ReFACT: Updating Text-to-Image Models by Editing the Text Encoder
Dana Arad, Hadas Orgad, Yonatan Belinkov
TL;DR
ReFACT addresses the challenge of outdated factual knowledge in text-to-image diffusion models by editing the text encoder rather than retraining. It inserts a learned vector into a single MLP layer to establish a new key–value mapping, guided by a contrastive objective that aligns the edit prompt with the target and separates it from negatives, and uses a closed-form rank-one update to realize the change. Across TIME and RoAD datasets, ReFACT achieves superior efficacy, generalization, and specificity while preserving image generation quality, outperforming cross-attention edits and personalization baselines. This approach enables practical, scalable updates to deployed text-to-image systems, reducing maintenance costs and enabling timely corrections to factual information without user-facing prompt engineering.
Abstract
Our world is marked by unprecedented technological, global, and socio-political transformations, posing a significant challenge to text-to-image generative models. These models encode factual associations within their parameters that can quickly become outdated, diminishing their utility for end-users.
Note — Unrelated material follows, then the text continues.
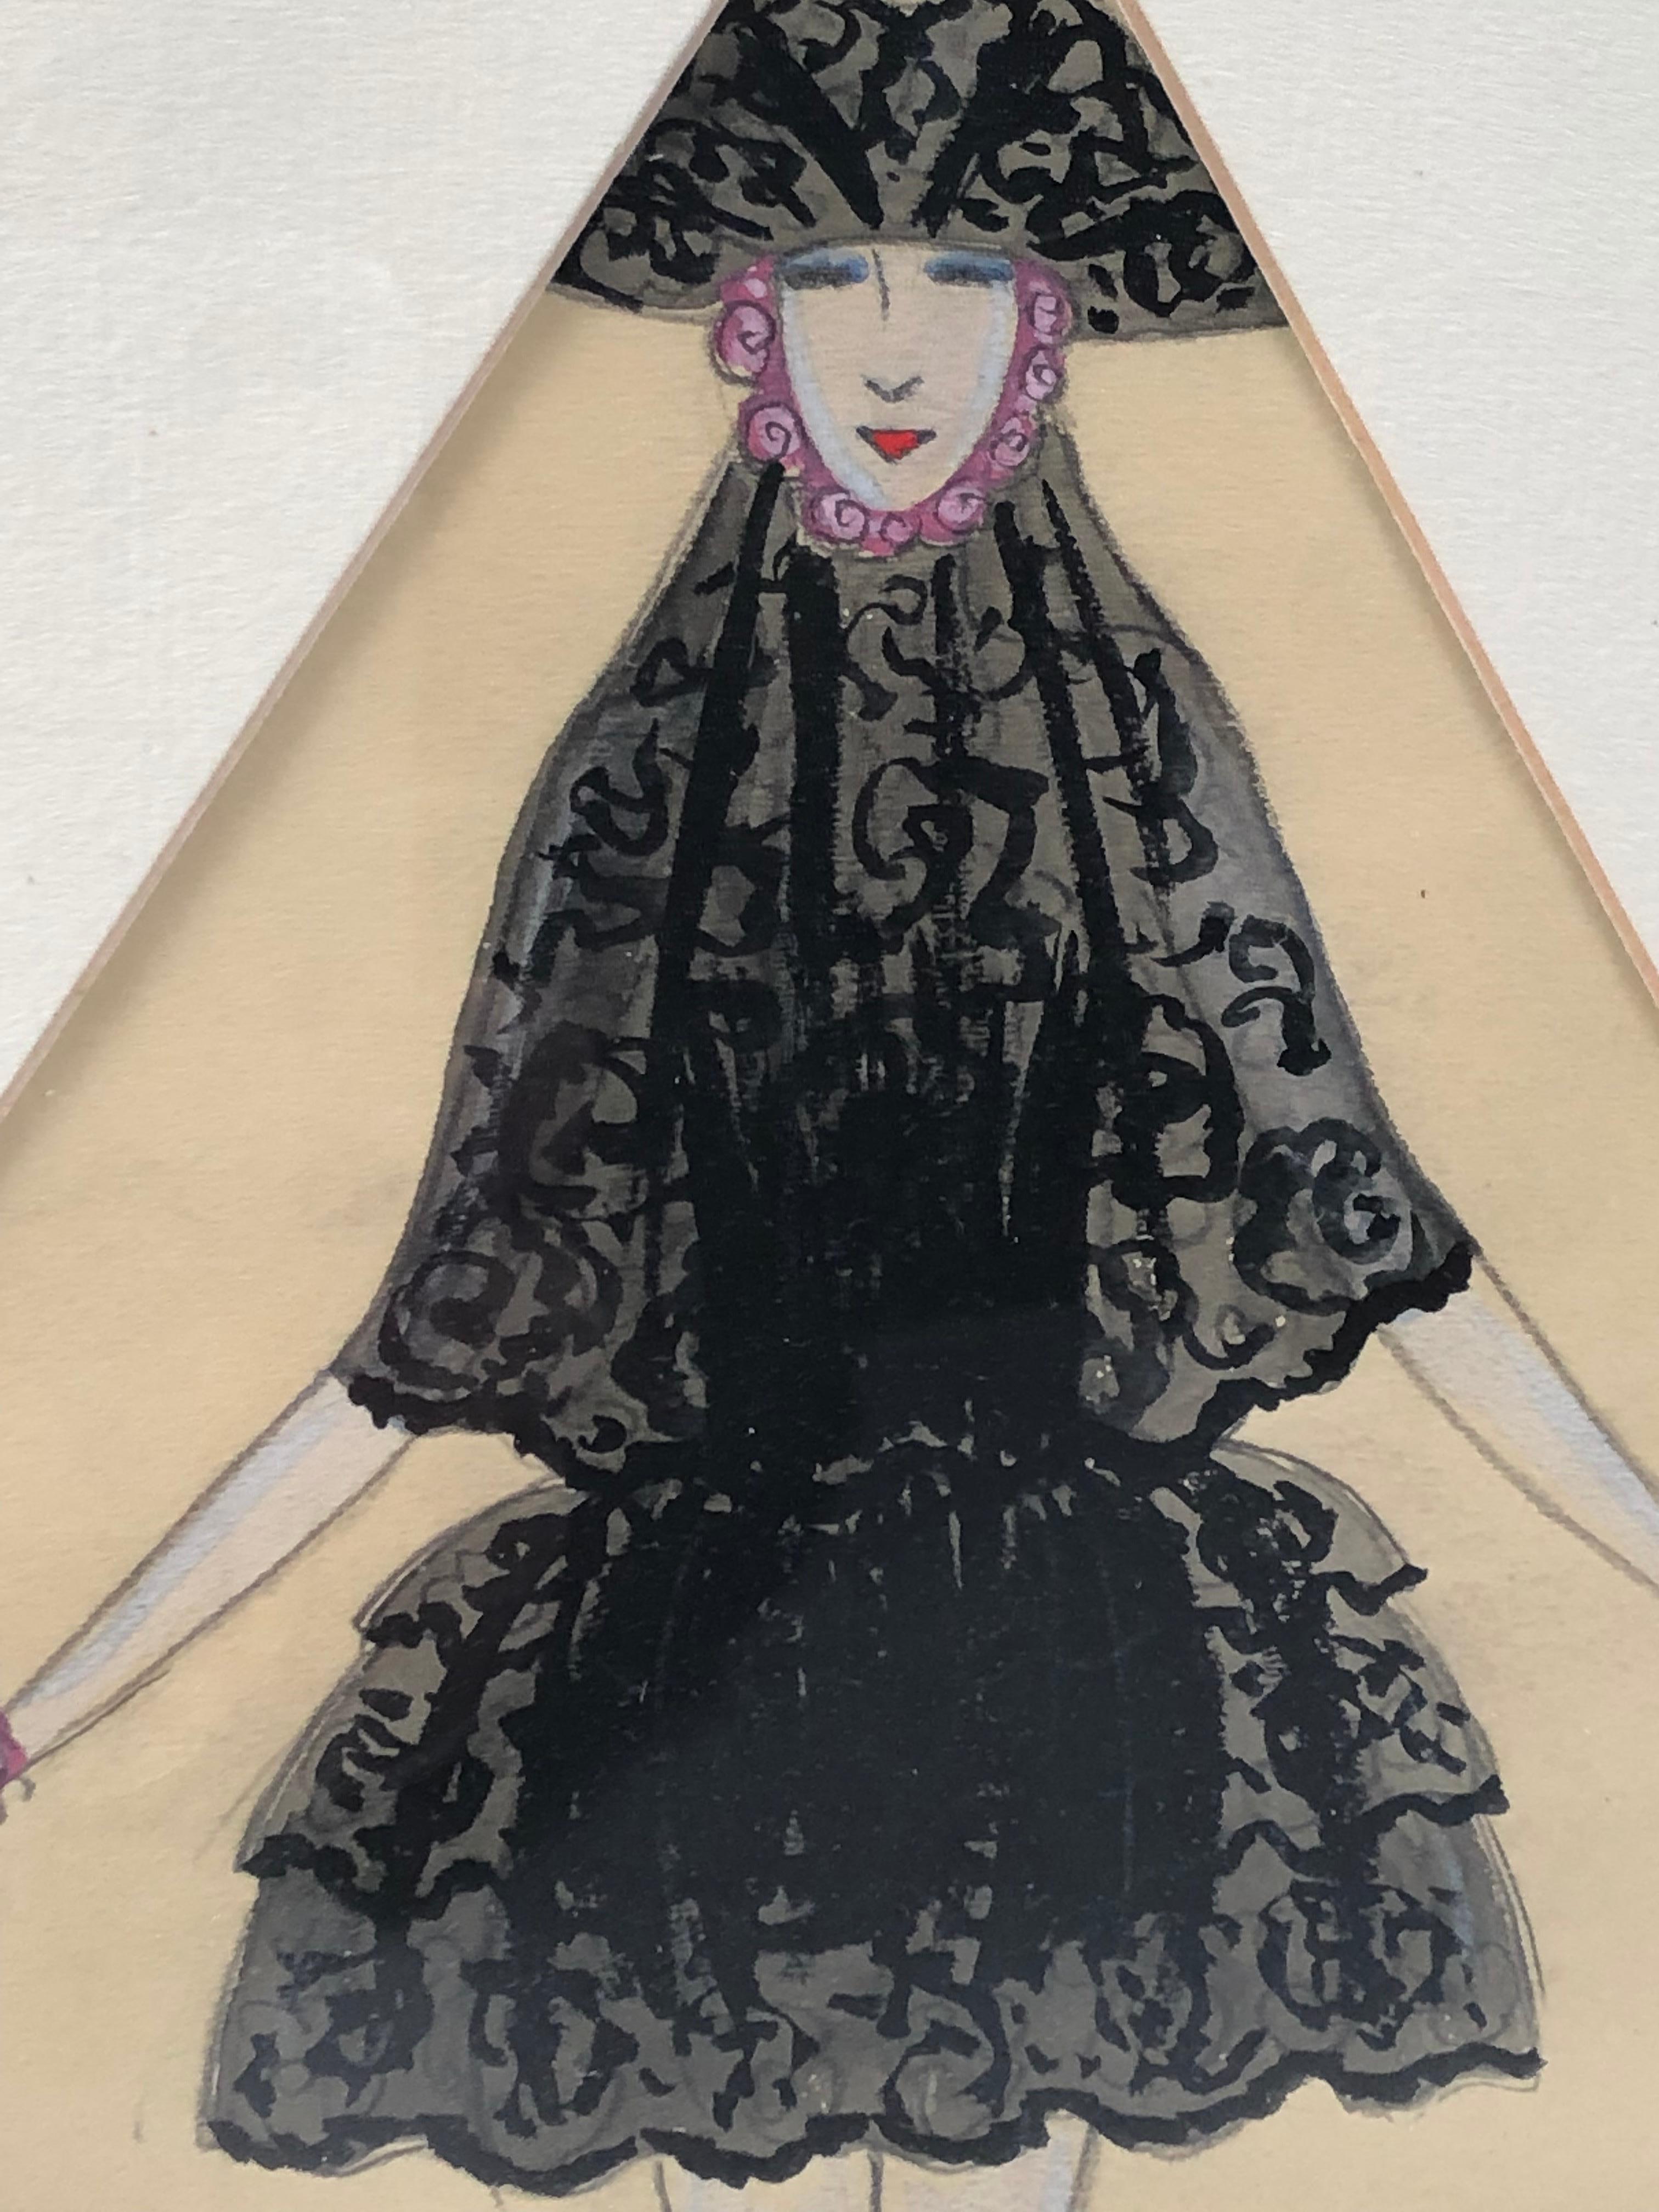 Paper Art Deco Period Fashion or Costume Drawing of a Venetian Woman

To that end, we introduce ReFACT, a novel approach for editing factual associations in text-to-image models without relaying on explicit input from end-users or costly re-training. ReFACT updates the weights of a specific layer in the text encoder, modifying only a tiny portion of the model's parameters and leaving the rest of the model unaffected. We empirically evaluate ReFACT on an existing benchmark, alongside a newly curated dataset. Compared to other methods, ReFACT achieves superior performance in both generalization to related concepts and preservation of unrelated concepts. Furthermore, ReFACT maintains image generation quality, making it a practical tool for updating and correcting factual information in text-to-image models.